Britain's inflation 'problem' isn't as unusual as you think
Received wisdom has it that Britain's inflation is unusually high when compared to other countries. But is that really the case?
We constantly hear about how the UK is an outlier in the West when it comes to inflation. While our CPI is running at 3.7%, prices are barely budging in other countries the US in particular. That's grist to the mill of the deflationists (whose cause we have enormous sympathy with).
But is it really so? Perhaps not.
In fact, according to Simon Ward at Henderson Global Investors, US inflation might not be so low after all. Recalculate it using the European Union's "harmonised index of consumer prices (HICP)" methodology and it turns out that US consumer price inflation is almost the same as UK consumer price inflation an annual 3.5% in April. US core inflation (excluding food and energy) would also be much higher using the European method 2% not 0.9%.

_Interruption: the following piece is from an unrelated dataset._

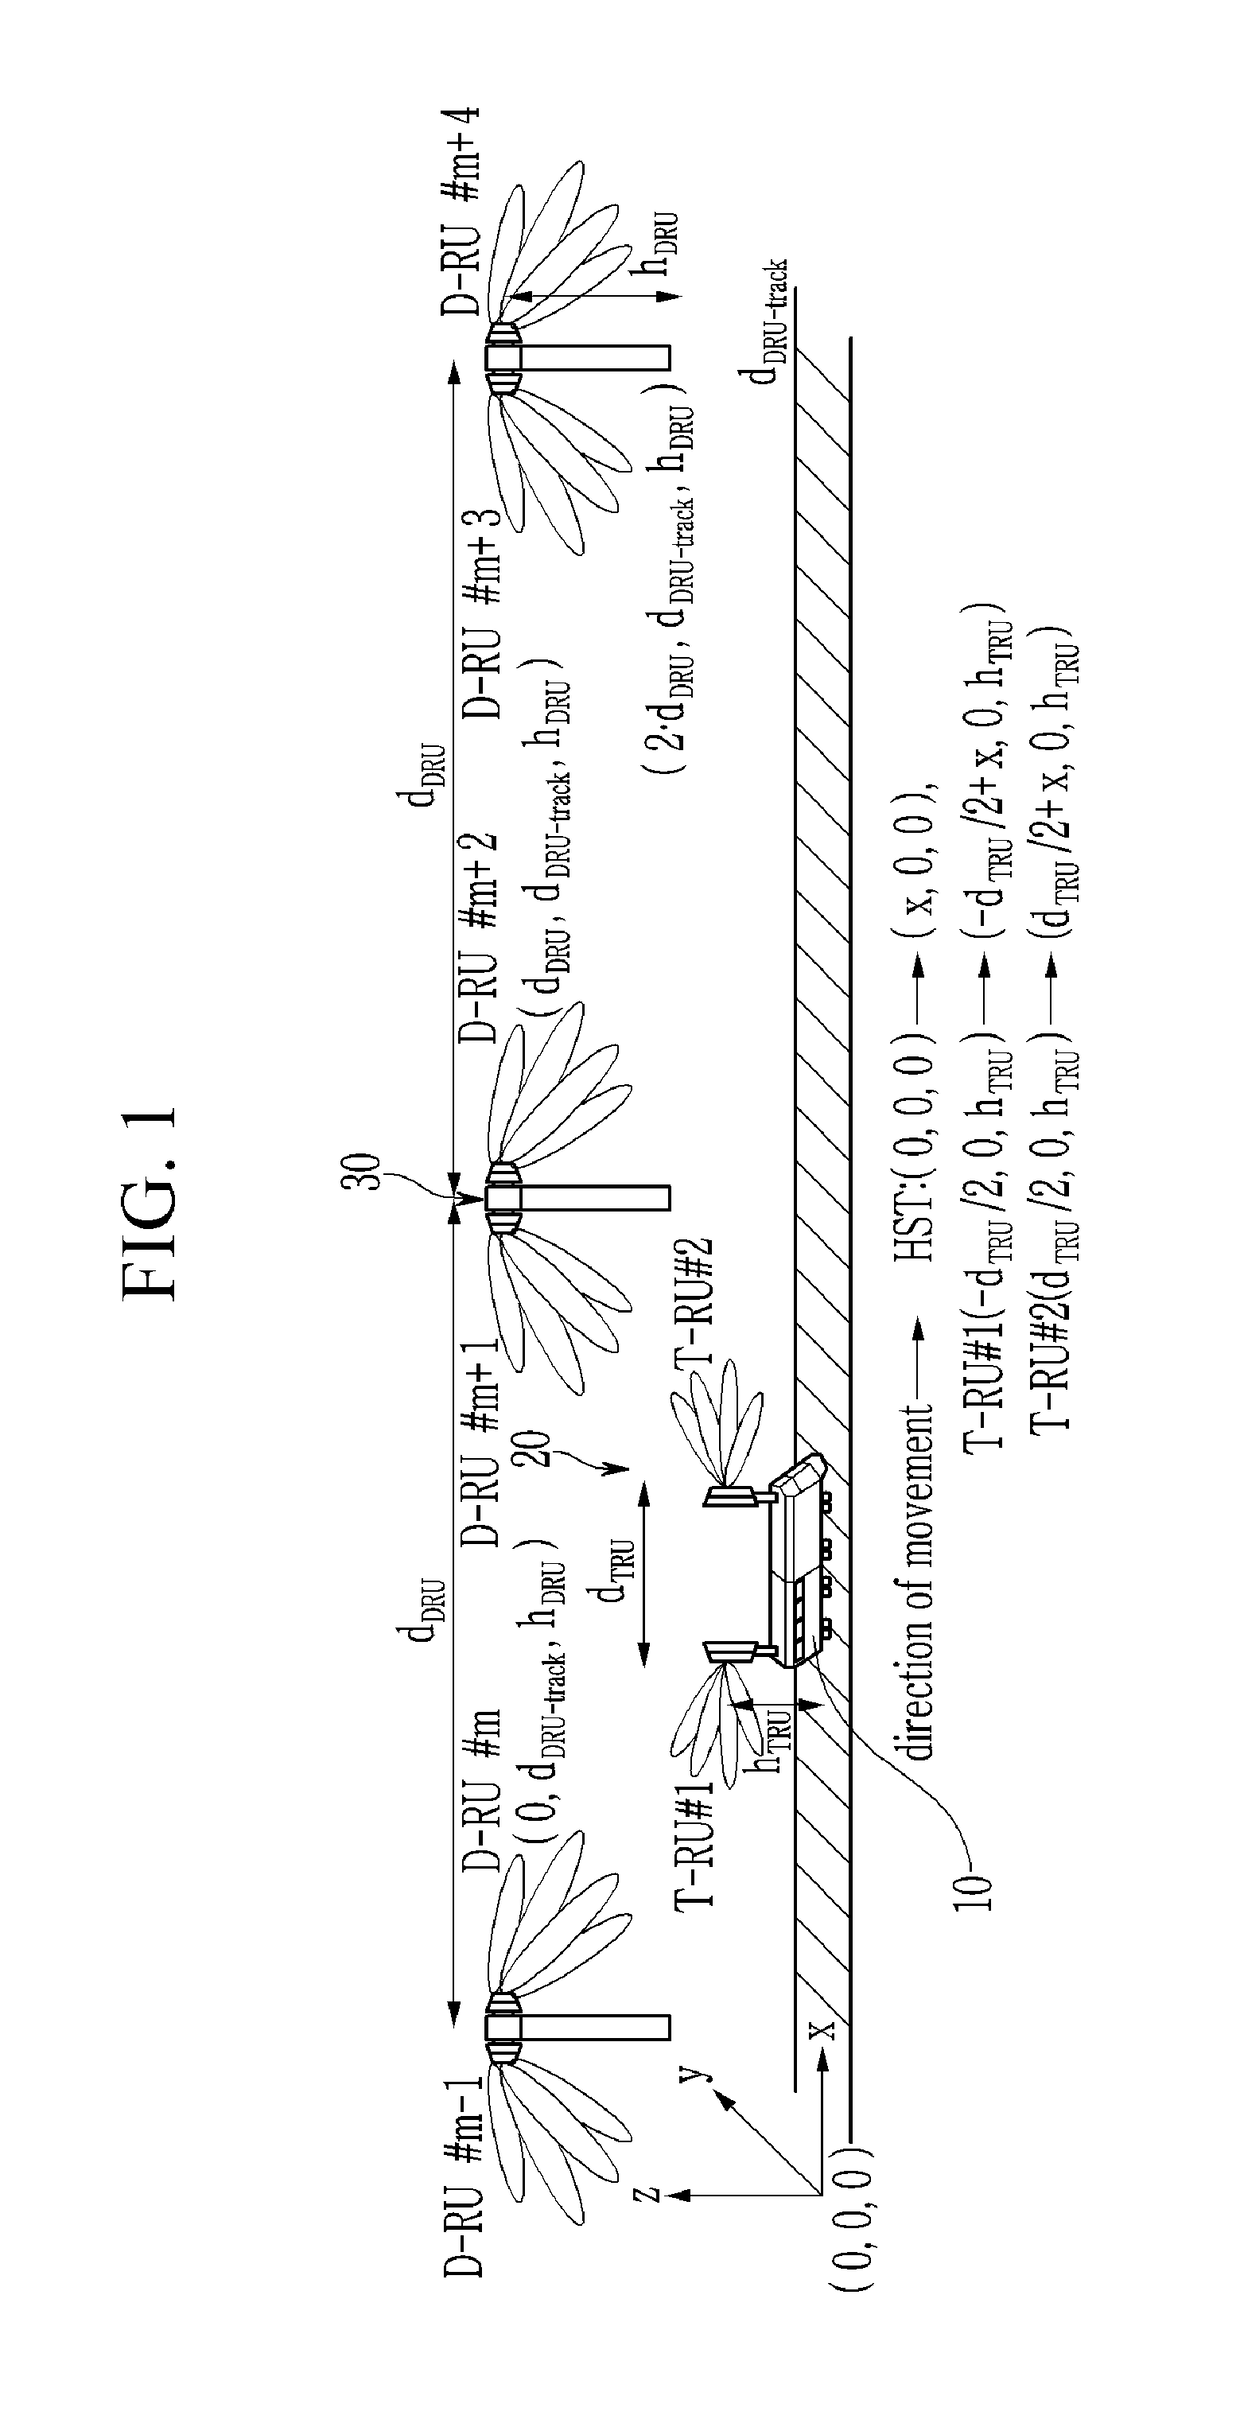 Apparatus and method for beam-forming communication in mobile wireless backhaul network

You can argue the toss on the methodology with this one but it is worth noting that on the same method, Eurozone CPI comes in at about 1.5% that's a significant difference. So why might inflation be more obvious and so very similar in the US and UK than in Europe?
Presumably because both of them have followed very similar monetary policies since the beginning of the financial crisis lots of QE (money printing) and the tolerance of weak currencies. Something for both the inflationists and the deflationists to ponder over.